A Logistic Regression Algorithm is a discriminative maximum entropy-based generalized linear classification algorithm which assumes that the log-odds of an observation y can be expressed as a linear function of the input variables.

## References

### 2015

• (Wikipedia, 2015) ⇒ http://en.wikipedia.org/wiki/logistic_regression Retrieved:2015-5-13.
• In statistics, logistic regression, or logit regression, or logit model[1] is a direct probability model that was developed by statistician D. R. Cox in 1958[2] [3] although much work was done in the single independent variable case almost two decades earlier. The binary logistic model is used to predict a binary response based on one or more predictor variables (features). That is, it is used in estimating the parameters of a qualitative response model. The probabilities describing the possible outcomes of a single trial are modeled, as a function of the explanatory (predictor) variables, using a logistic function. Frequently (and hereafter in this article) "logistic regression" is used to refer specifically to the problem in which the dependent variable is binary—that is, the number of available categories is two—while problems with more than two categories are referred to as multinomial logistic regression or polytomous logistic regression, or, if the multiple categories are ordered, as ordinal logistic regression.[3]
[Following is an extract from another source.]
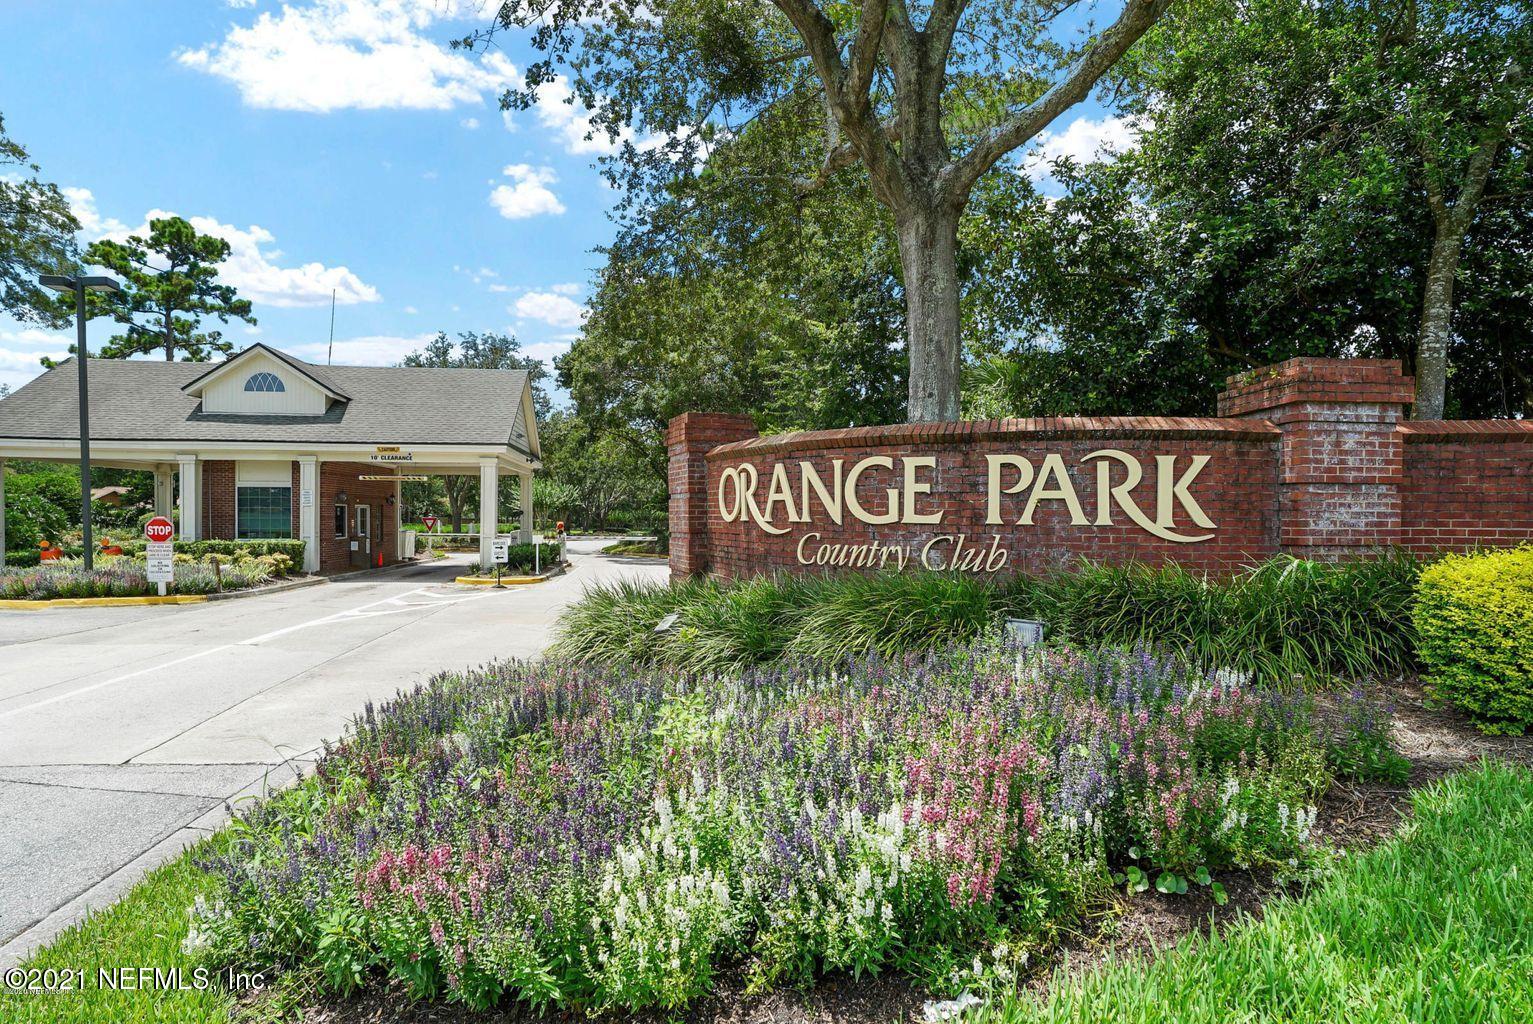 Orange Park CC_gate entrance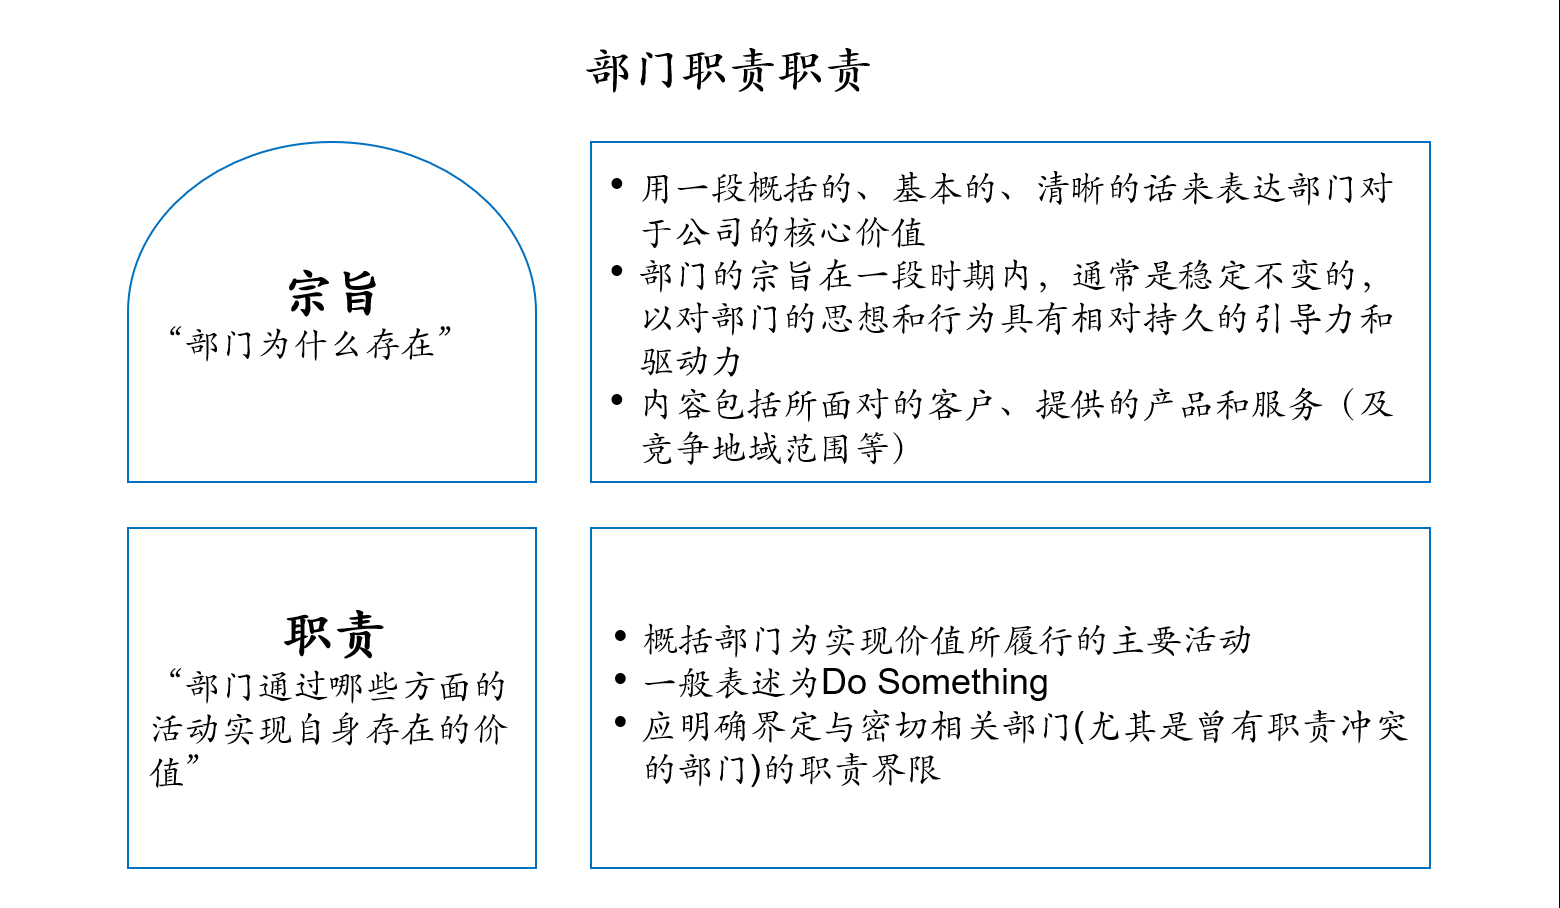 广州地铁集团有限公司组织架构优化和绩效激励机制咨询

Logistic regression measures the relationship between the categorical dependent variable and one or more independent variables, which are usually (but not necessarily) continuous, by estimating probabilities. Thus, it treats the same set of problems as does probit regression using similar techniques; the first assumes a logistic function and the second a standard normal distribution function.

Logistic regression can be seen as a special case of generalized linear model and thus analogous to linear regression. The model of logistic regression, however, is based on quite different assumptions (about the relationship between dependent and independent variables) from those of linear regression. In particular the key differences of these two models can be seen in the following two features of logistic regression. First, the conditional distribution $p(y \mid x)$ is a Bernoulli distribution rather than a Gaussian distribution, because the dependent variable is binary. Second, the estimated probabilities are restricted to [0,1] through the logistic distribution function because logistic regression predicts the probability of the instance being positive.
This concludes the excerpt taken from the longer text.